The existence of many voices of mutual suspicion in China and Russia is also very much related to the insufficient supply of regional and country-specific knowledge about each other in both countries. There is a serious mismatch between direct information and knowledge transfer between Russia and China and the need to build a community of interests, responsibilities and destiny based on the principle of "friendship for generations, never enemies". In the context of the new generation of technological revolution, it is not surprising that the various reports and analyses of Russian and Chinese public opinion on the other side are often not supported by first-hand local knowledge, but more by translations of Western discourse, resulting in various distortions and biases.

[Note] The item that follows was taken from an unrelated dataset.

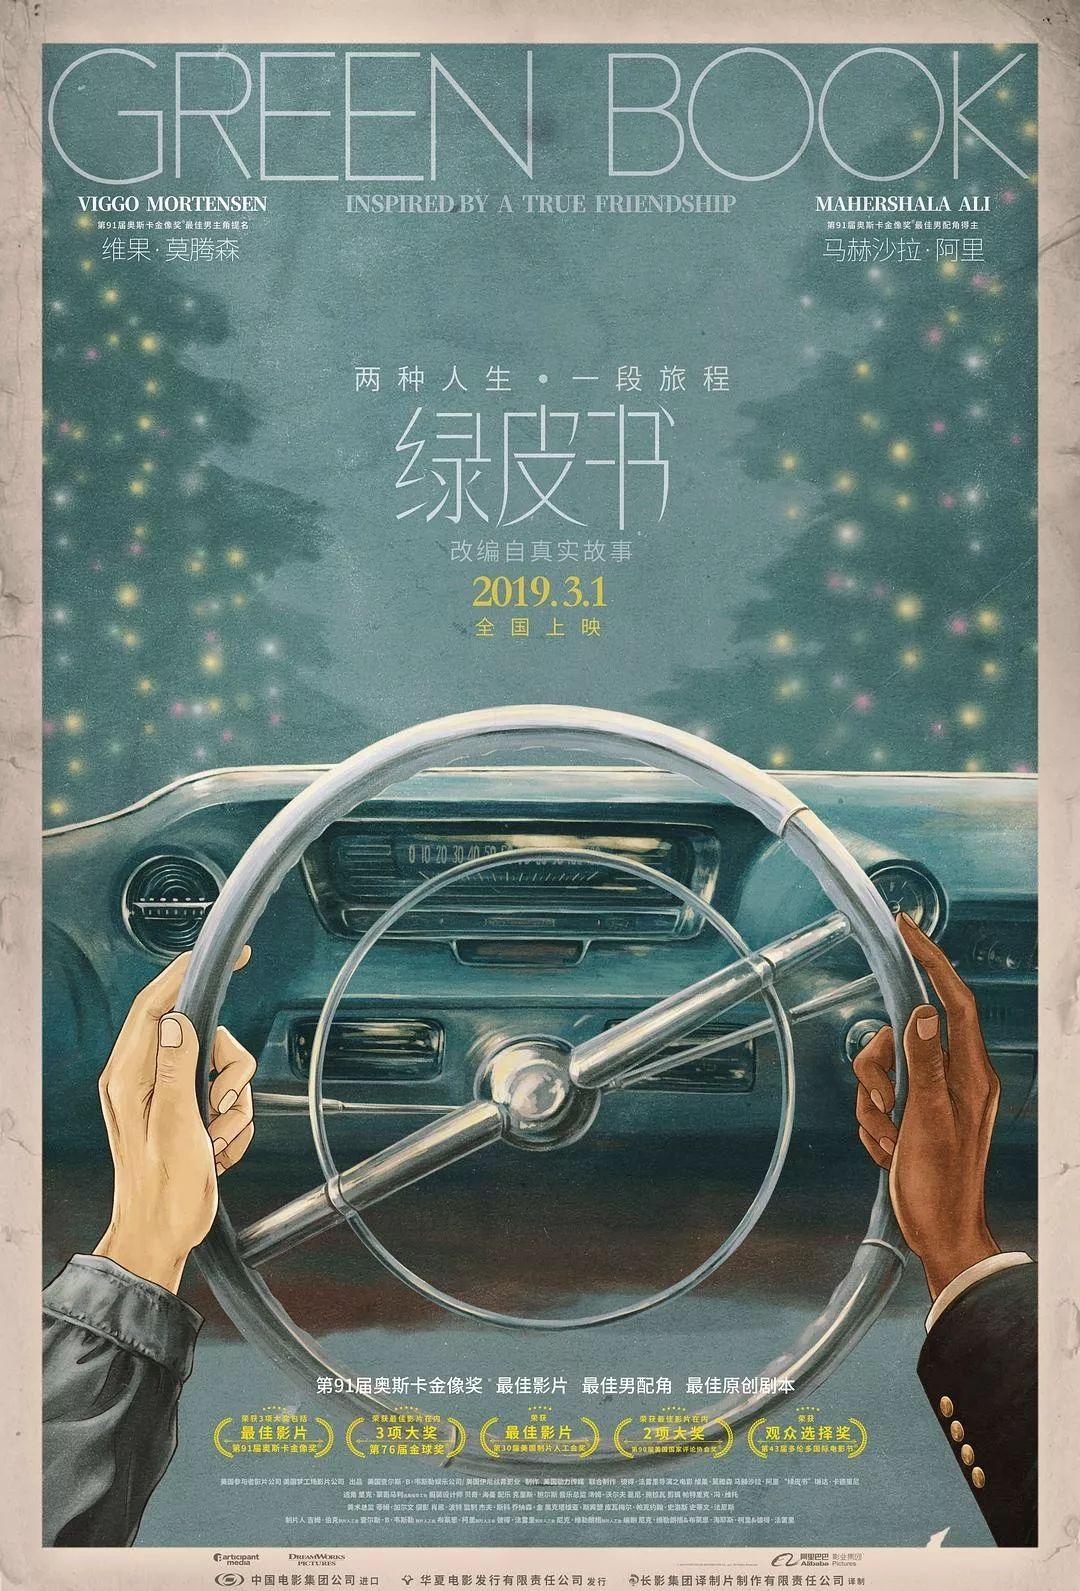 2018至2019和平海报

It should be noted that in both China and Russia, those murmurs that are intentionally misleading or misjudged through ignorance are, after all, very marginal, and far from the extent to which the truth is obscured by the clamor of the crowd. Western circles seem to be highly skeptical of the unbreakable nature of Sino-Russian relations and are not optimistic about their development prospects, believing that strategic tensions and even strategic conflict are inevitable in the future. This view has been held since the period when Russia and China were initially seen as friendly countries to each other after the collapse of the Soviet Union and later during the establishment of a constructive partnership. But as a Polish scholar points out in the introduction to a monograph on Russian-Chinese relations since the 2008 financial crisis, the rapid development of Sino-Russian relations is quite different from the pessimistic predictions of the West. All of this shows that various scepticism in China and Russia extraterritorially, even with obvious motives to sing the praises of the past, cannot really dominate the fate of Sino-Russian relations.

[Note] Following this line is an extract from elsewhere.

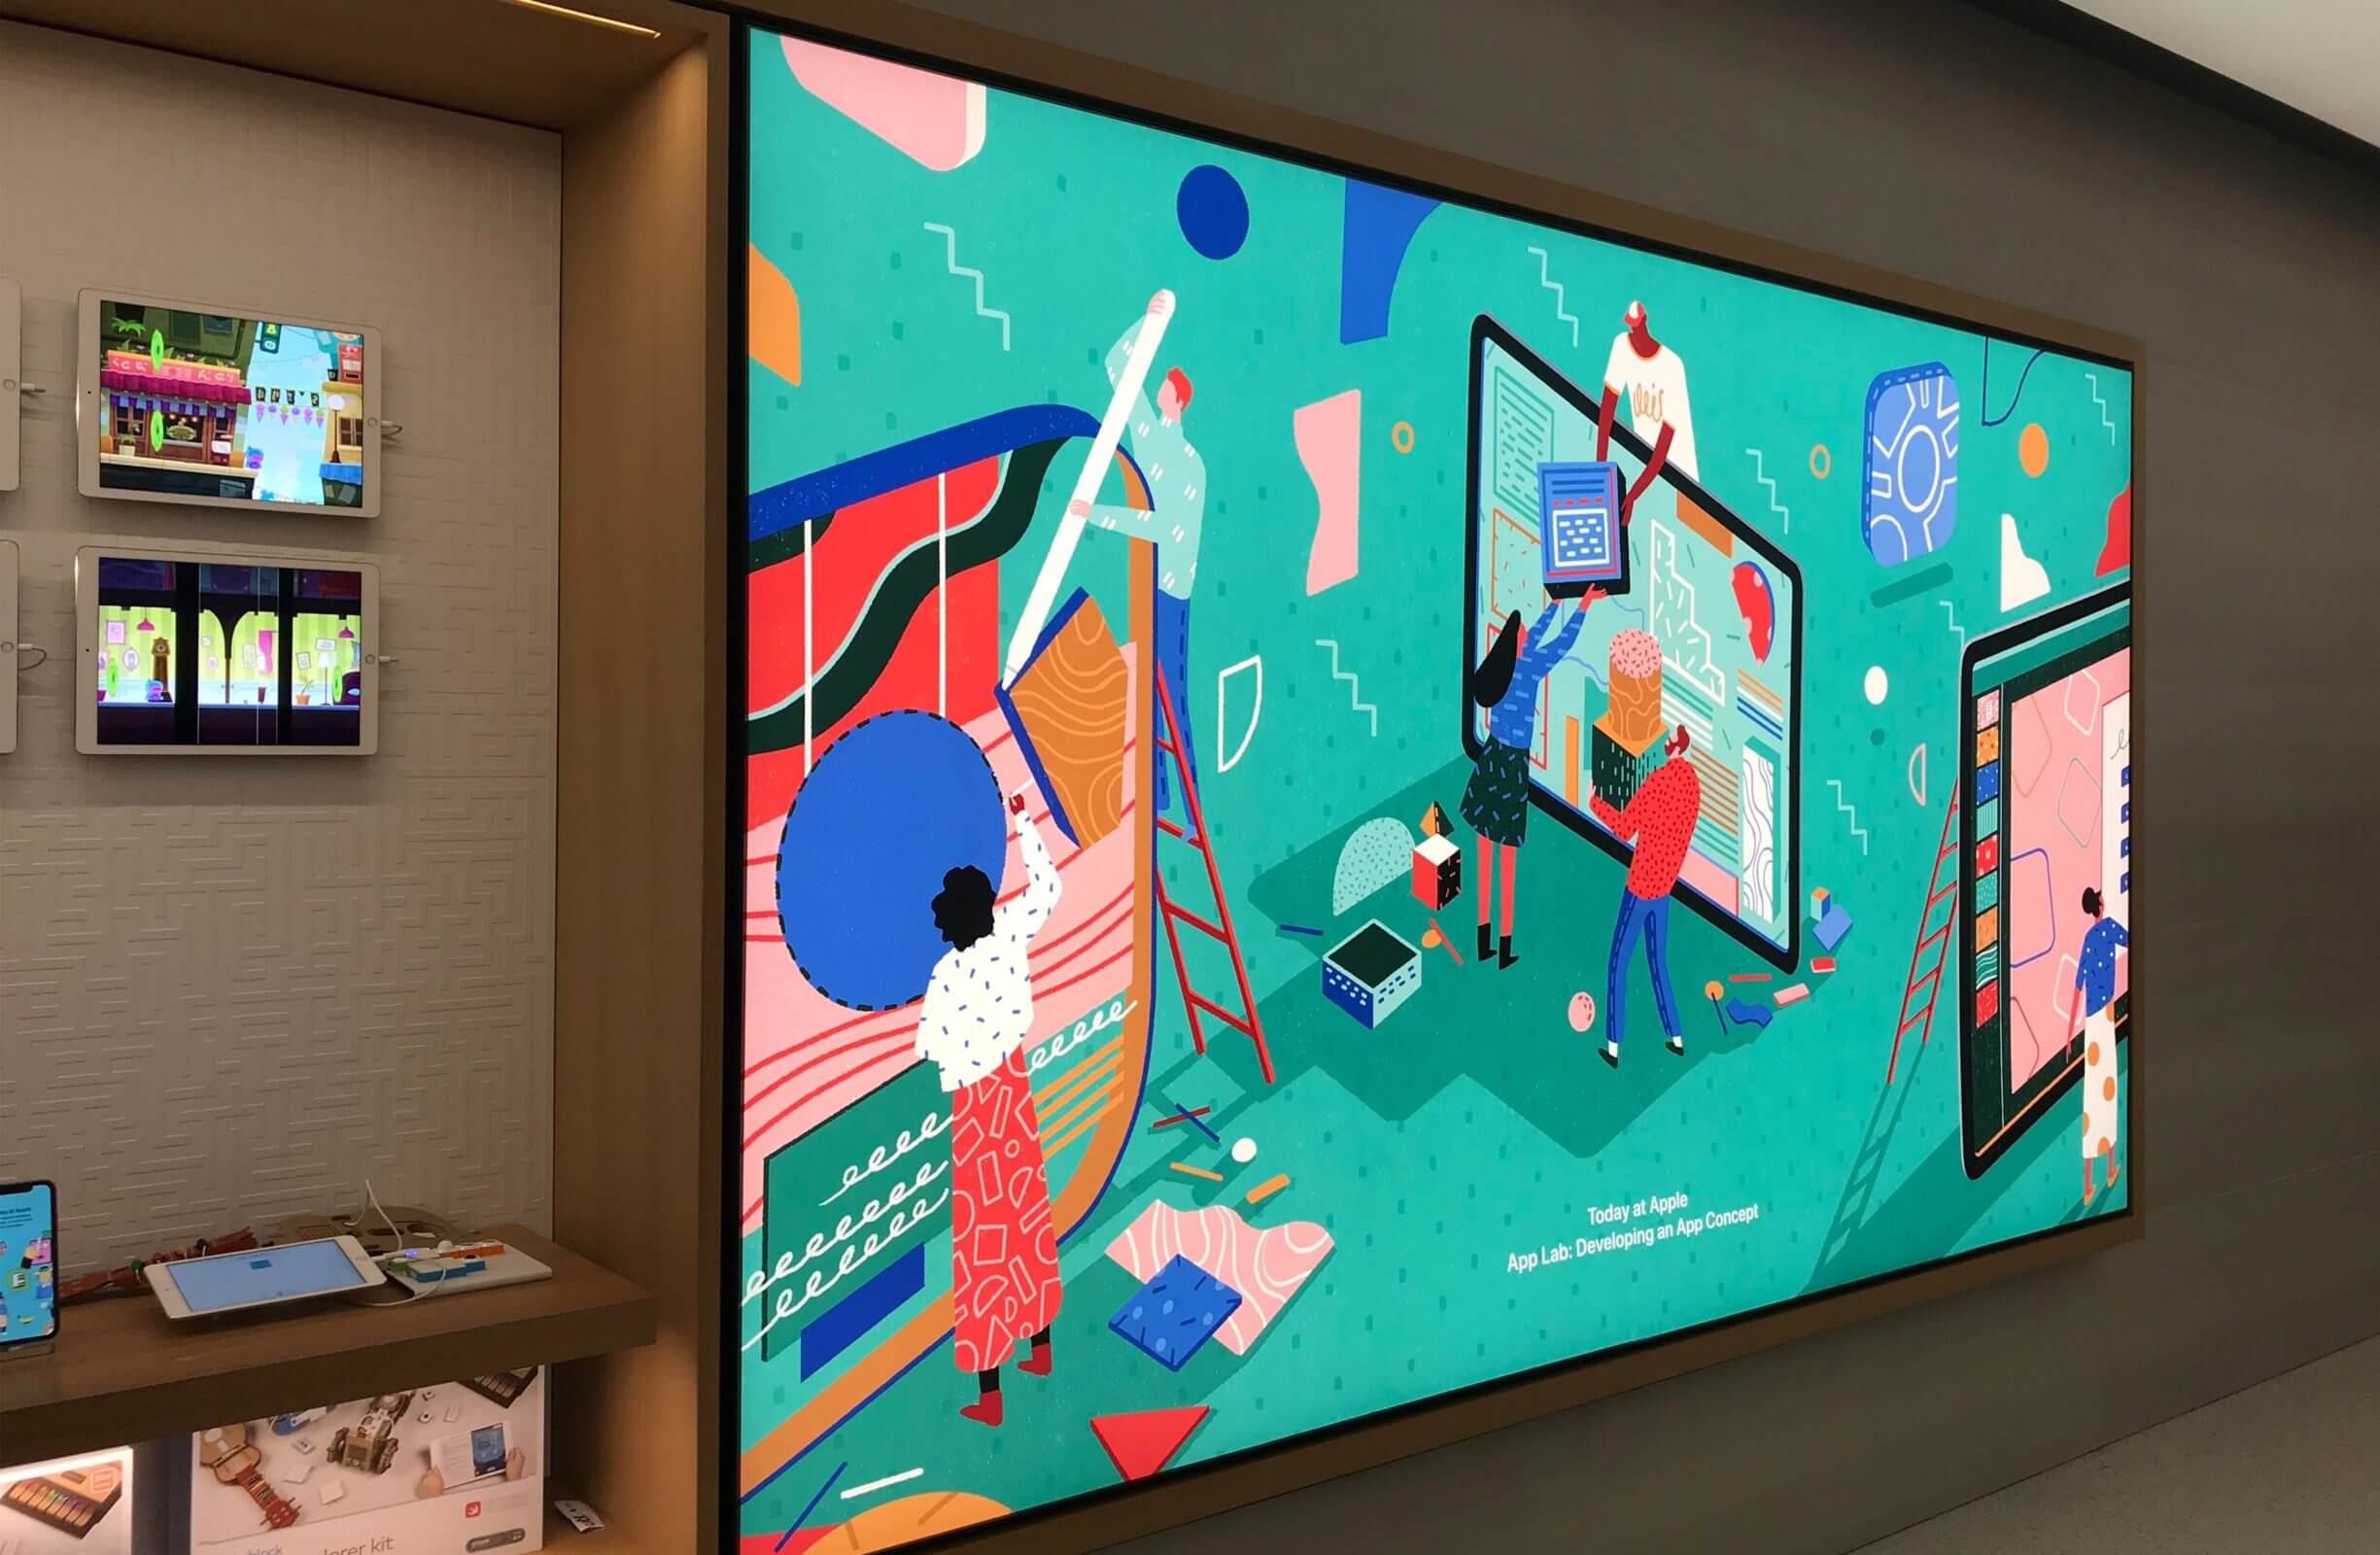 иллюстрация Yukai Du в магазине Apple

Looking back, we can see that all the problems in the middle or in the middle of the Russian-Chinese relations were born out of development. Looking to the future, we can also be convinced that all problems can be solved through further deepening of relations. In the face of these different arguments, the best way to deal with them is to combine strategic defiance and tactical attention, and to cultivate the internal strength of Russian-Chinese relations. As long as China-Russia relations remain at a high level, all murmurs will eventually be washed away by the flood of history.